Today, MGM announces it will
run movies through YouTube, thus allowing YouTube to actually monetise some of the content on its pipes (it can only advertise against about 4% of it at present). At the same time, ex BitTorrenter Ashwin Navin claims that piracy
"leads to less crap". What is going on?
The YouTube play is all about getting quality content that Advertisers will subsidise onto the site - as they note:
....YouTube is trying harder to make friends with Hollywood — and emulate the appeal of Hulu, a joint venture of NBC and Fox.
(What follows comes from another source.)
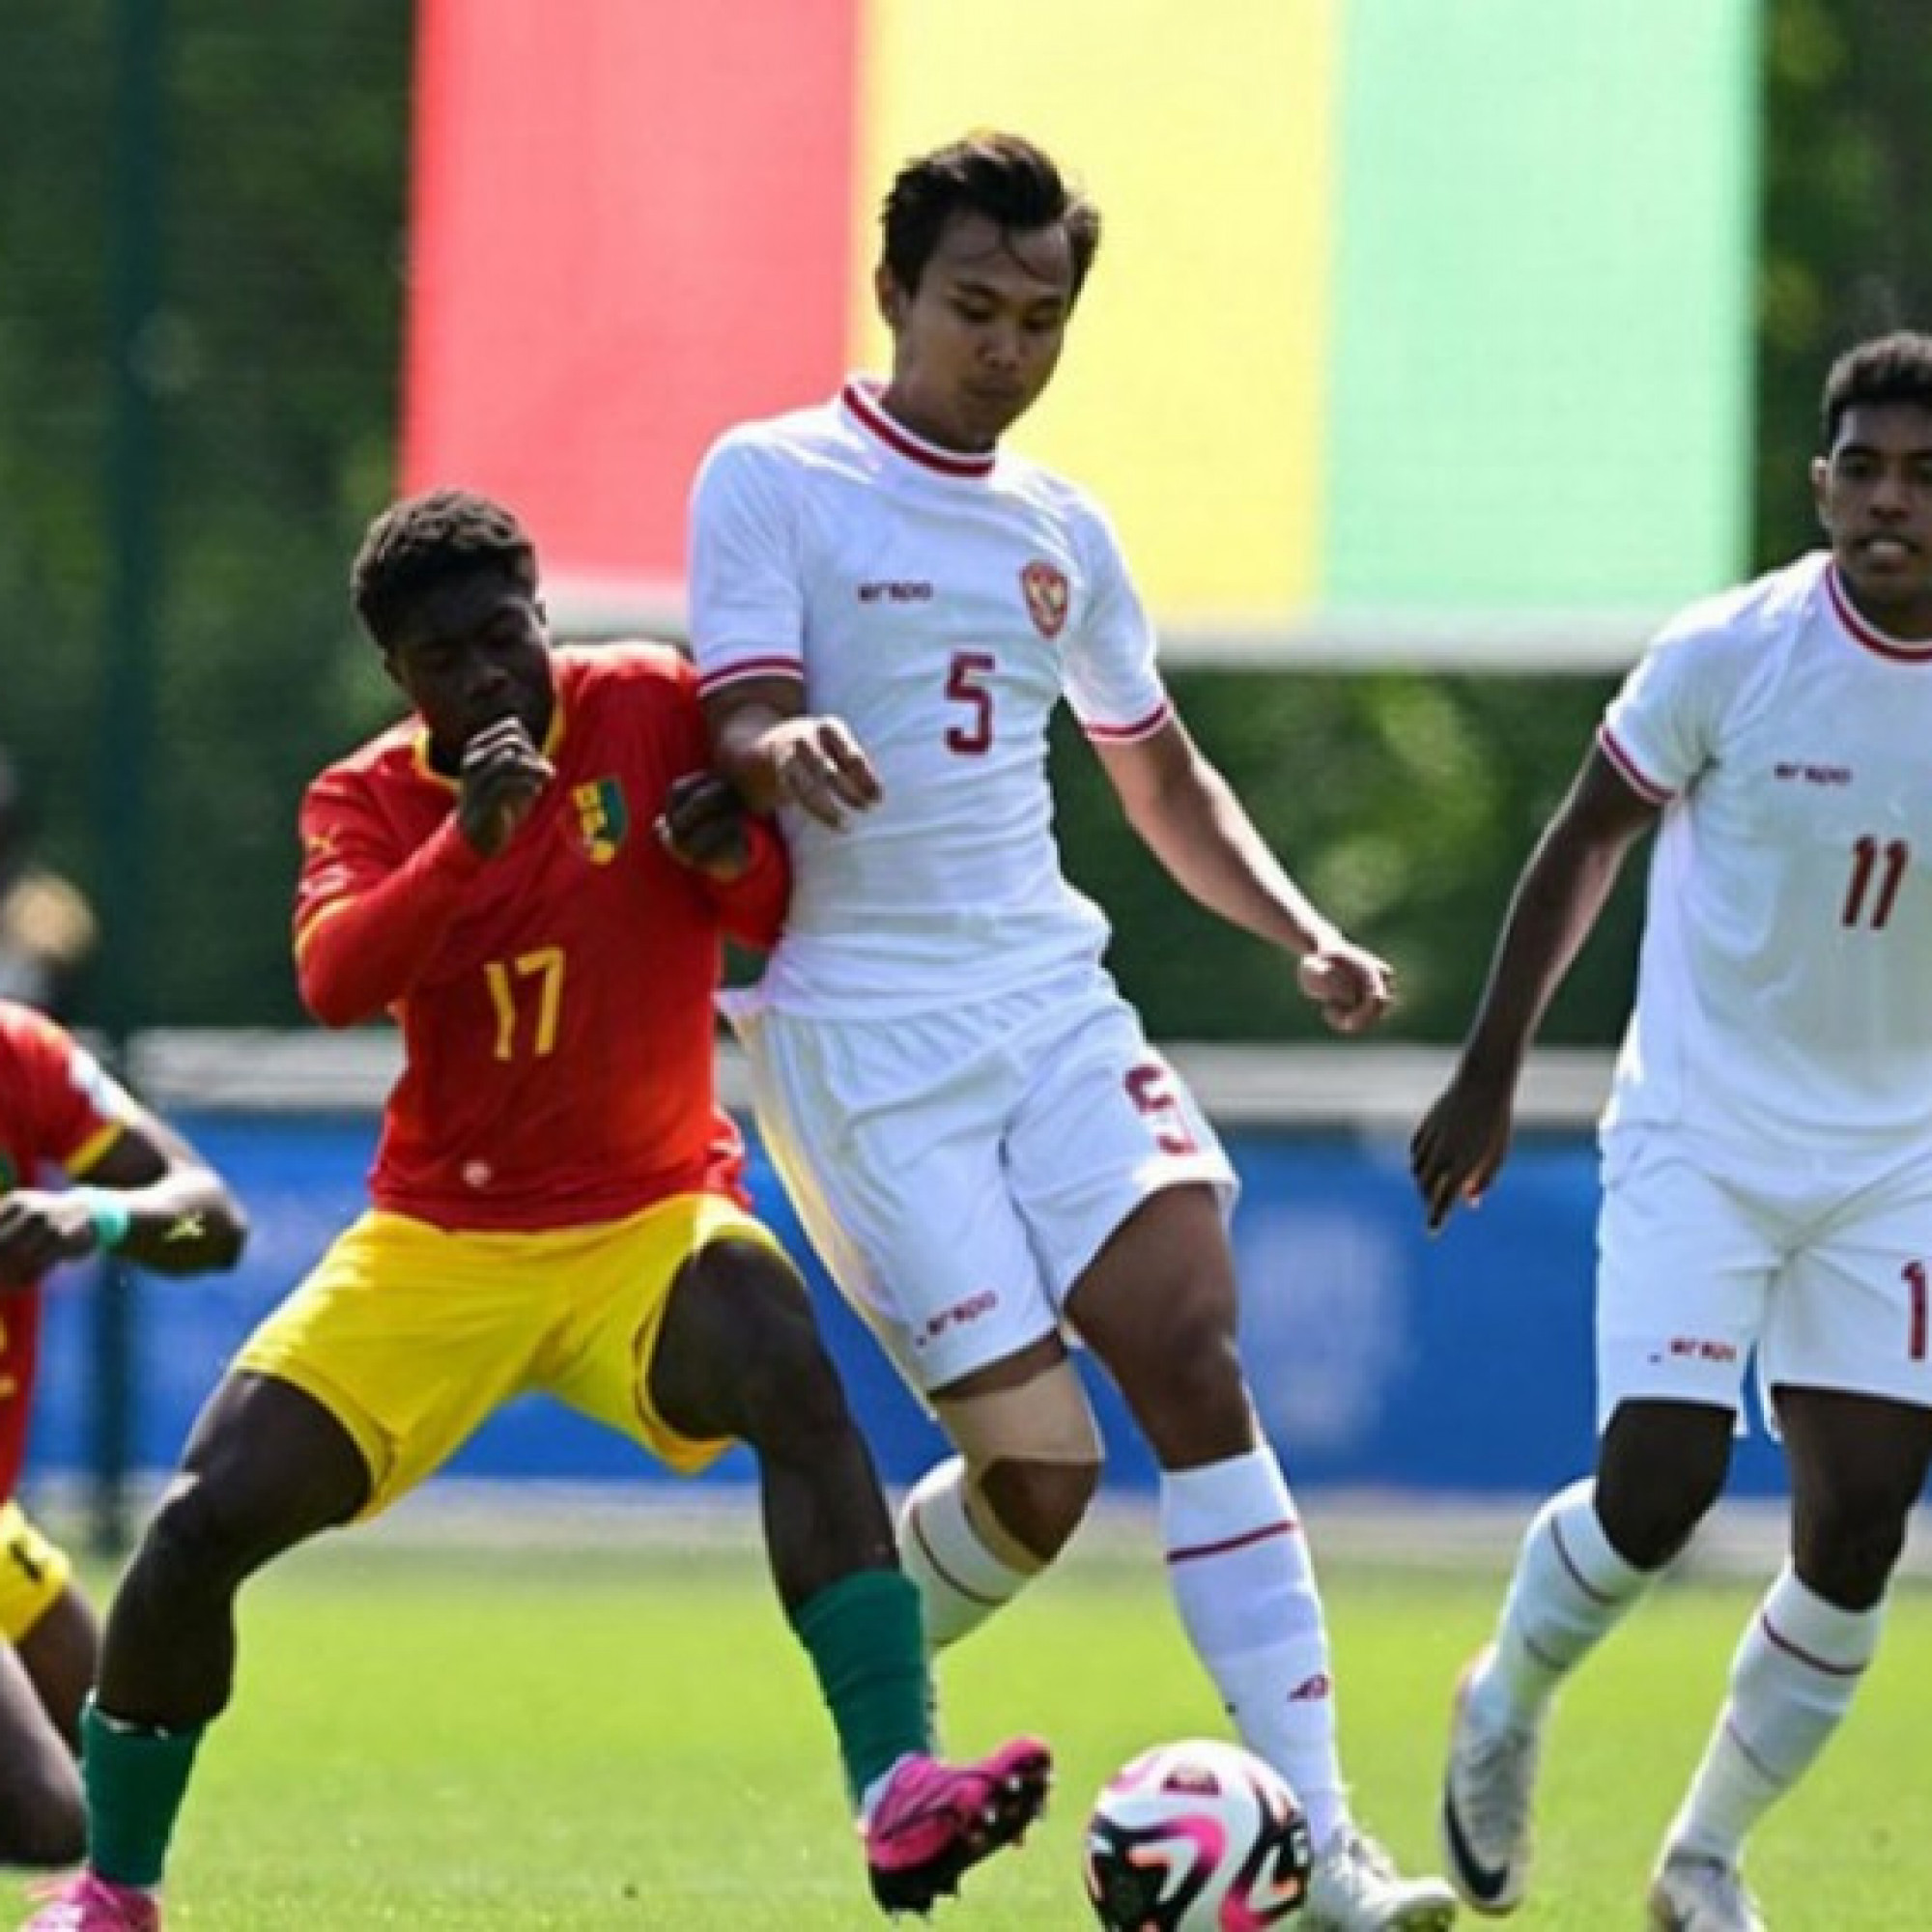  - Trực tiếp bóng đá U23 Indonesia - U23 Guinea: Đội bóng châu Phi vượt lên (Play-off Olympic)

Along with its MGM relationship, YouTube has recently forged ties with the independent studio Lionsgate and with CBS, which this month started posting to YouTube full-length episodes of older shows like “Star Trek” and “Beverly Hills 90210.”
“We believe in comprehensiveness, and we want to have deals with everybody,” said Jordan Hoffner, the director of content partnerships for YouTube. “We want to be able to give users the most content possible.”
In the last few months, YouTube has swept its virtual floors and painted its stage as it prepares to offer more professional videos. This month, it introduced a “theater view” button that expands the viewing screen and darkens the rest of the Web page for optimum viewing — a feature similar to one introduced by Hulu.
Yet Navin's view is that:
“The free flow of information and entertainment over the Internet doesn’t diminish the relevance of high value, professional entertainment at all. It does force the publishers to be more quality conscious (make fewer flops, and more hits). And the great cardinal sin in this era would be to withhold your content in exclusive deals or to be too precious with your creation. Now’s the time to be more promiscuous with your distribution strategy than before: be everywhere at once, wherever there are eyeballs you can count.”
“In the previous era, there was a lot of forgiveness when 3 or 4 companies owned every road to the consumer. Publishers could produce a crap movie or TV show and get away with it. But when there are millions of ways to get to the user, or in other words, millions of “channels” to choose from, the best entertainment presented in the most frictionless format always wins.”
So, Navin argues that piracy leads to less crap. The entertainment business now has to make stuff people actually want to listen to or watch.
Now that,
post Crunch und Drang, the irrational FreeConomic funding fever is ending, are we seeing the real economics starting to emerge? Ladies and Gentlemen, take your juxtapositions.....the beginning of the Online Video Endgame (or is it the end of the Beginning Game?) is going to start shortly!